Finding food freedom

Eating disorders are a very real concern, especially among our youth.

Dietician Bertus Coetzer says it’s time to open up conversations that will help those struggling with eating disorders not to feel alone and to find ‘food freedom’.

It’s hard to believe, looking at him, that Bertus was once heavily overweight, fighting his own weight loss and eating battle.

“I have struggled with my weight my entire life. I know what it’s like to feel like you are being constantly tortured by food.”

It was for this reason, about 12 years ago, that he decided to change the course of his life and study dietetics and psychology. “I was only 22, weighed around 115kg and bordered on becoming a Type 2 diabetic. I was desperate to find a solution.”

Determined to find his own ‘food freedom’, Bertus says dietetics and psychology are closely interlinked. “You have to find and address the ‘why’ in your relationship with food before you can fix an eating disorder.”

Based in Ballito, Bertus works in hospitals focussing on nutritional psychology. He’s also in the process of setting up an eating disorder support group.

“On a daily basis I see girls struggling with severe eating disorders. Some haven’t menstruated for six months and women in their 30s are already going into early menopause. Social media and the ‘diet culture’ have a lot to do with it.”

Bertus says eating disorders are addictions, similar to being an alcoholic or drug addict. The difference is that those things can be removed from your life. Food can’t be.

“We need food to survive, so our relationship with food is extremely important. This is one of the hardest addictions to live with because no one talks about it.”

So, what do we need to do to fix it? “Start conversations and talk about eating disorders. Parents need to have these conversations with their kids.

We are quick to tell them not to drink alcohol, but how often do we talk to them about their relationship with food?”
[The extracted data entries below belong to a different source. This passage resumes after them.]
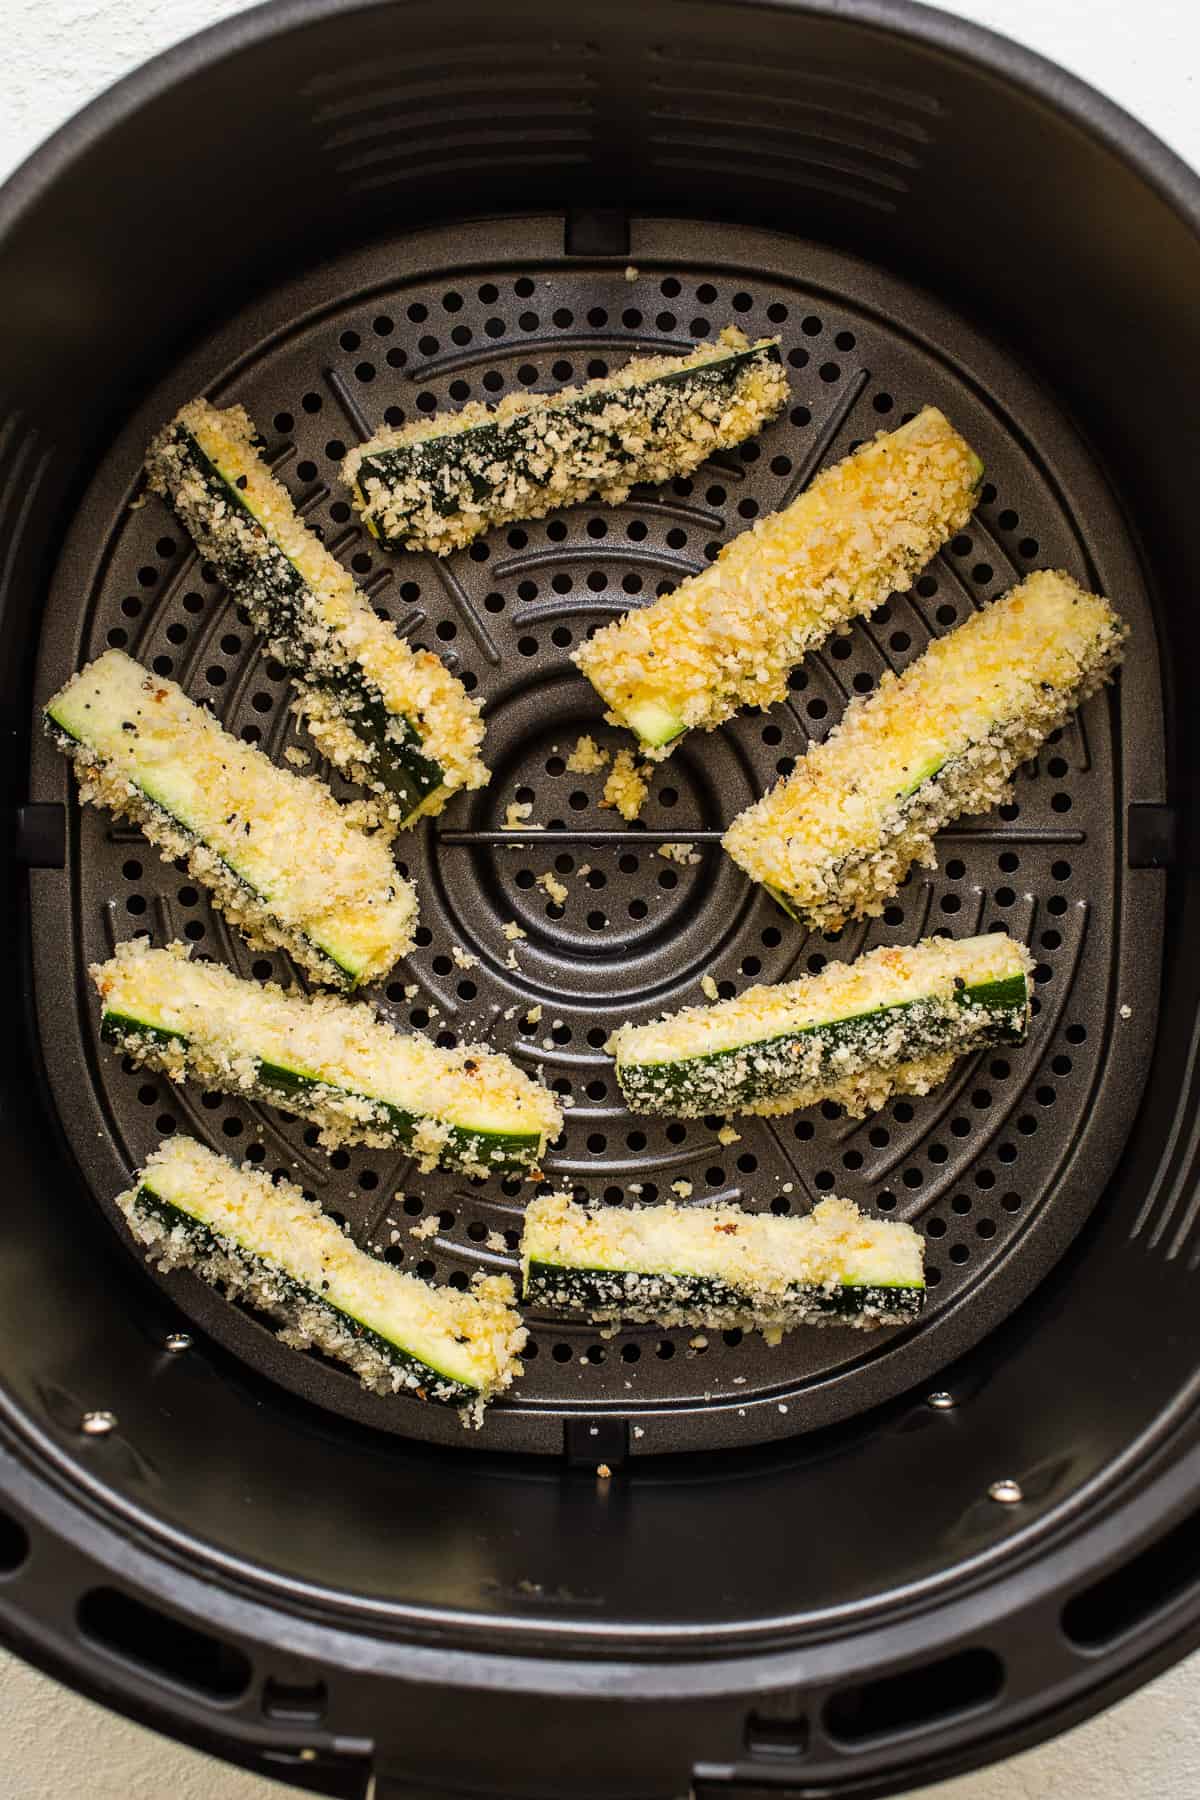 zucchini fres in air fryer.
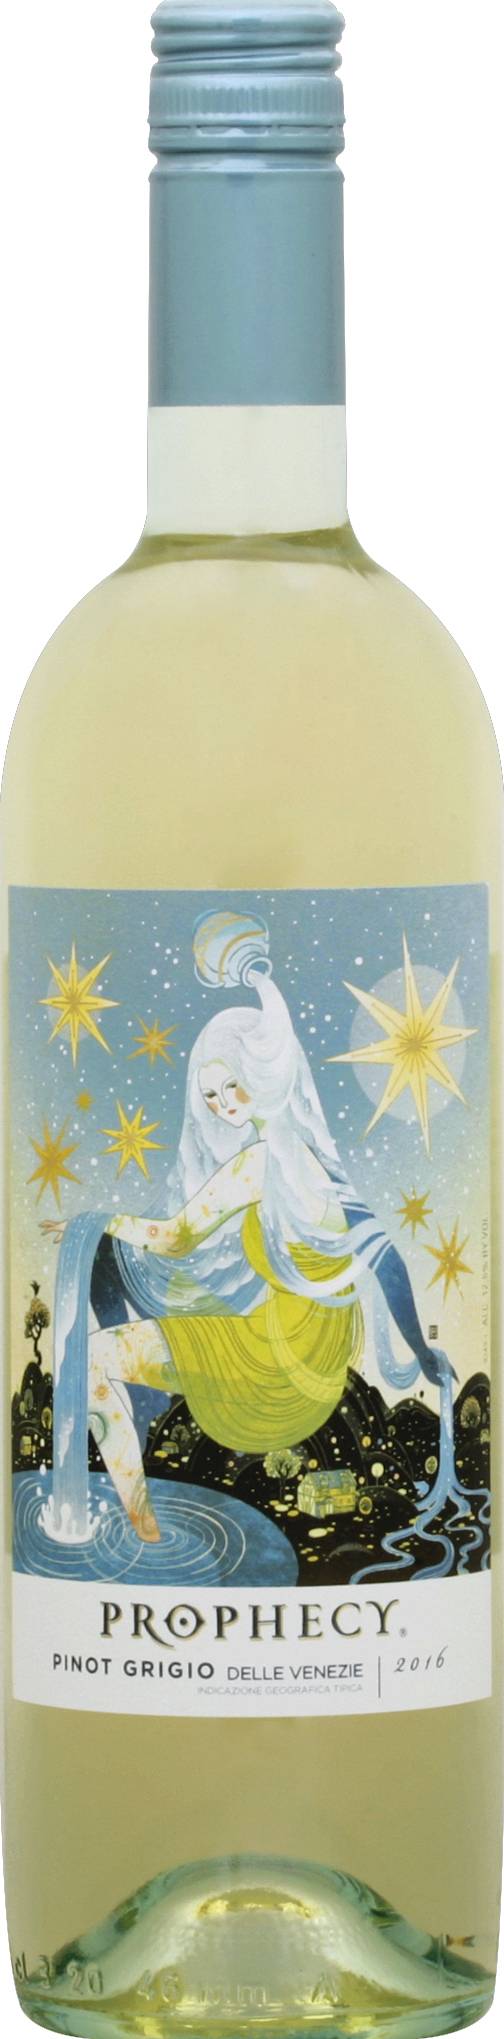 Prophecy Pinot Grigio White Wine 2016 (750 ml)
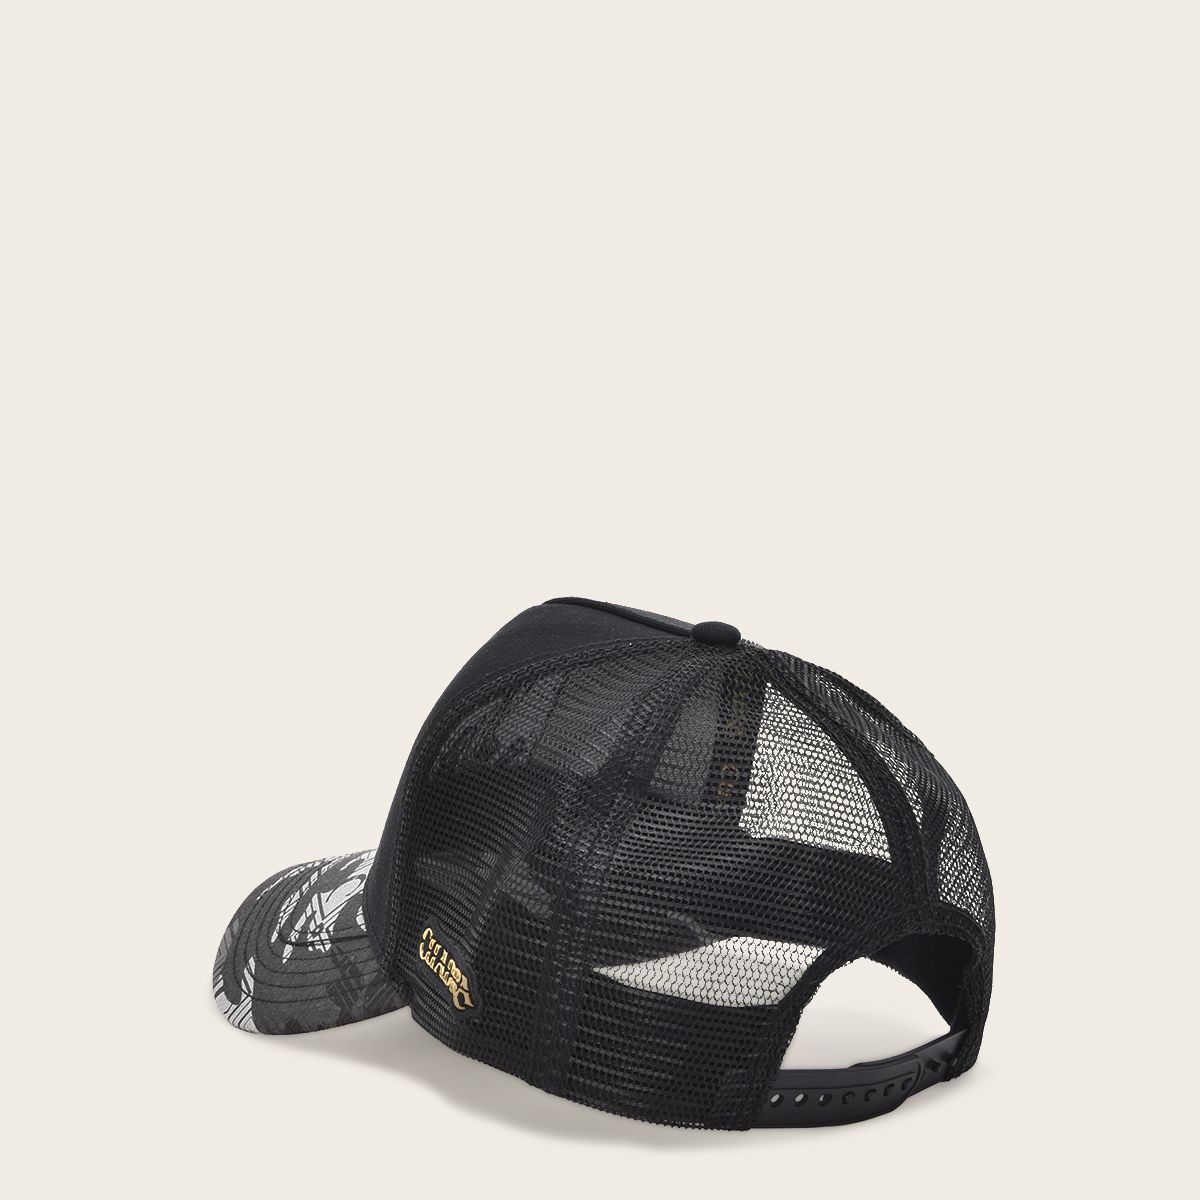 Black snapback cap with Alligator patch 4

It’s important, Bertus says, to stop ‘villianising’ certain foods and food groups. “One doughnut is not going to make you fat, just like one salad won’t make you thin. It’s about what you do consistently. My best advice is to live by the 80/20 rule. Try to make healthy choices 80 percent of the time, and the rest of time eat whatever you want!”

Details: Bertus Coetzer, [email protected], 073 454 5706, @dietitian__bert


Eating disorder prevention tips

  1. Ditch the notion that a particular diet, weight or body size will lead to happiness. You are more than what your body looks like.
  2. Learn about the types of eating disorders. Awareness will help you avoid judgemental or mistaken attitudes about food, weight, body shape and eating disorders and help you to learn the signs of potential eating disorders.
  3. Avoid categorizing foods as ‘good’ vs ‘bad’. A healthy diet should focus on whole foods (produce, lean meats, low-fat dairy, nuts and legumes) but allow room to enjoy all kinds of food in moderation.
  4. Value yourself based on your goals, accomplishments, talents and character not your body weight and shape. Be grateful your body can dance, clean the house, walk upstairs, give birth and more.
  5. If you think someone has an eating disorder, express your concerns in a caring manner. Gently but firmly encourage the person to seek professional help. If you have an eating disorder, don’t let it control your life any longer. Reach out and find out how a tailored treatment programme can help you regain control over your life and find food freedom.